Scrooge escuchó a un hombre suspirar al siguiente instante de desearle Feliz
Navidad a un vecino. Había lágrimas en el rostro de una mujer que caminaba
frente a una iglesia, toda de negro.
-¡Pobre John!
-murmuraba ella-. Estoy segura de que lo que lo mató fueron los problemas de
dinero. Ahora está en el cielo. Pero el vicario dijo en el sermón que el cielo
era un mero cuento de hadas -ella gimió nuevamente.
Todo esto
perturbó la paz de Scrooge. Algo parecía estar pujando en su corazón.
-Pero -dijo
él- debo olvidar todo esto cuando me siente a cenar con mis sobrinos y sus
jóvenes hijos.
Eran las
últimas horas de la tarde; las cuatro en punto y caían las sombras. Era la hora
de la cena. Scrooge encontró la casa de su sobrino. Ni una ventana tenía luces
y todo estaba oscuro. El corazón de Scrooge se heló.
Golpeó una y
otra vez, y tiró de la campana que resonó tan lánguidamente que parecía tener
un pie en el sepulcro.
Al final, una
vieja mujer de aspecto miserable, abrió la puerta solo unas pulgadas y miró con
desconfianza.
-¿El señor
Fred? -dijo-. Él y sus señora salieron al Hotel Splendid, y no volverán hasta
medianoche. Los chicos están fuera, en Eastbourne.
-¡Cenando en
una taberna el día de Navidad! -murmuró Scrooge-. ¿Qué terrible sino es ese?
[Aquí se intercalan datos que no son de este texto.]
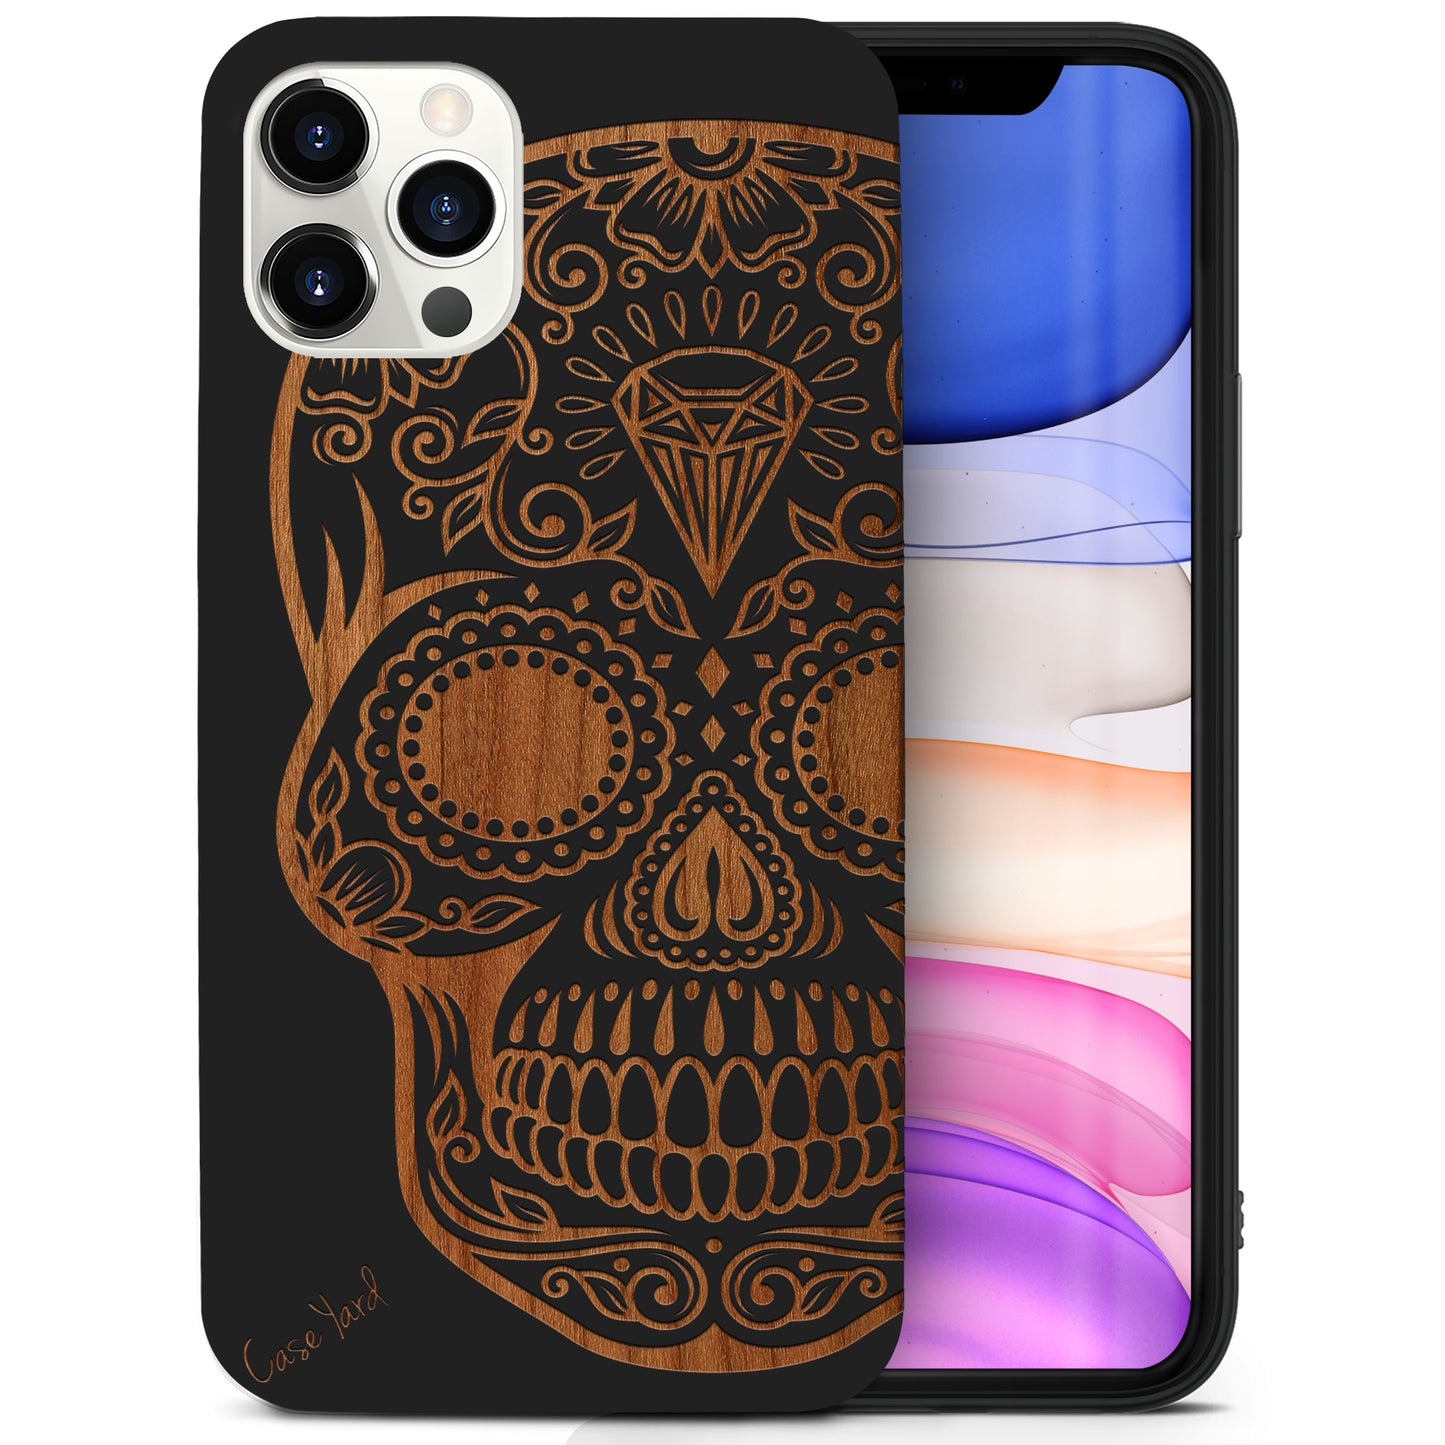 Wooden Cell Phone Case Cover, Laser Engraved case for iPhone & Samsung phone Diamond Skull Design
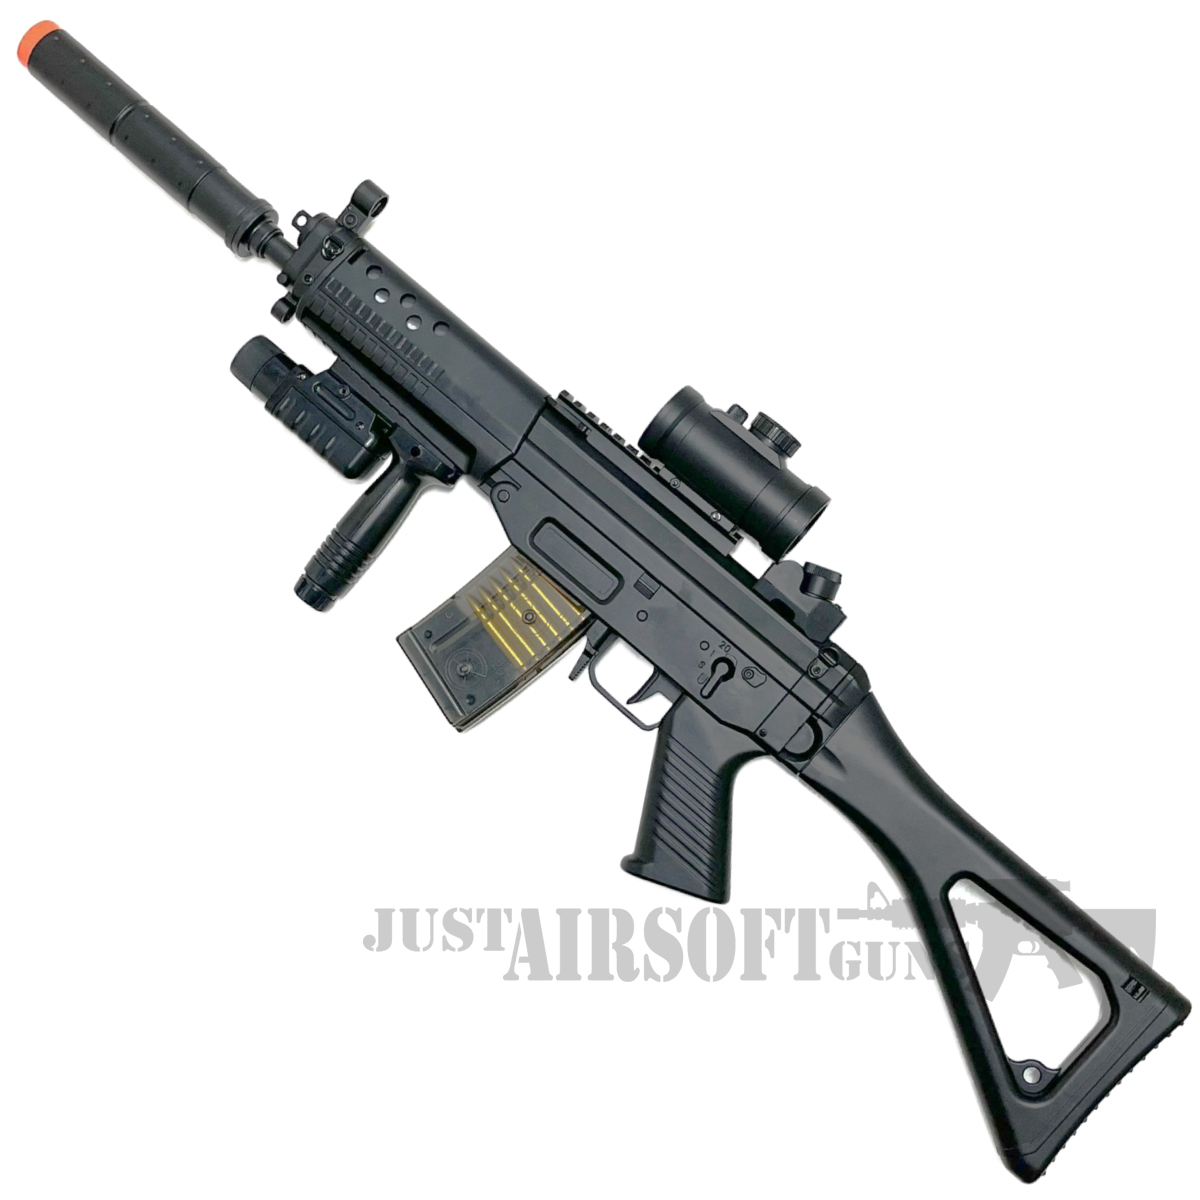 DOUBLE EAGLE M82 SIG 552 AIRSOFT ELECTRIC RIFLE FULL AUTO – M82 1

¿Quién es tan miserable y tan desolado como para cenar en una taberna en
Navidad? ¡Y los niños en Eastbourne!
El aire se
tornó pesado y le pareció escuchar desde una gran distancia la voz de Tiny Tim,
diciendo "¡Dios nos ayude, a todos y a cada uno de nosotros!"
De nuevo, el
Espíritu apareció. Scrooge cayó de rodillas.
-¡Terrible
Fantasma! -exclamó-. ¿Quién eres y qué quieres? Habla, te lo suplico.
-Ebenezer
Scrooge -replicó el Fantasma en un timbre abominable-. Soy el fantasma de las
Navidades de 1920. Conmigo traigo el impreso del Impuesto sobre la Renta.
El cabello de
Scrooge se erizó ante esa visión. Pero se sintió peor cuando vio que la
Aparición tenía huellas como las de un gigantesco gato.
-Mi nombre es
Pussyfoot. También me llaman Ruina y Desesperanza -dijo el Fantasma, y
desapareció.
Luego de esto
Scrooge despertó y descorrió los cortinajes de su cama.
-¡Gracias a
Dios! -exclamó de corazón-. ¡Solo fue un sueño!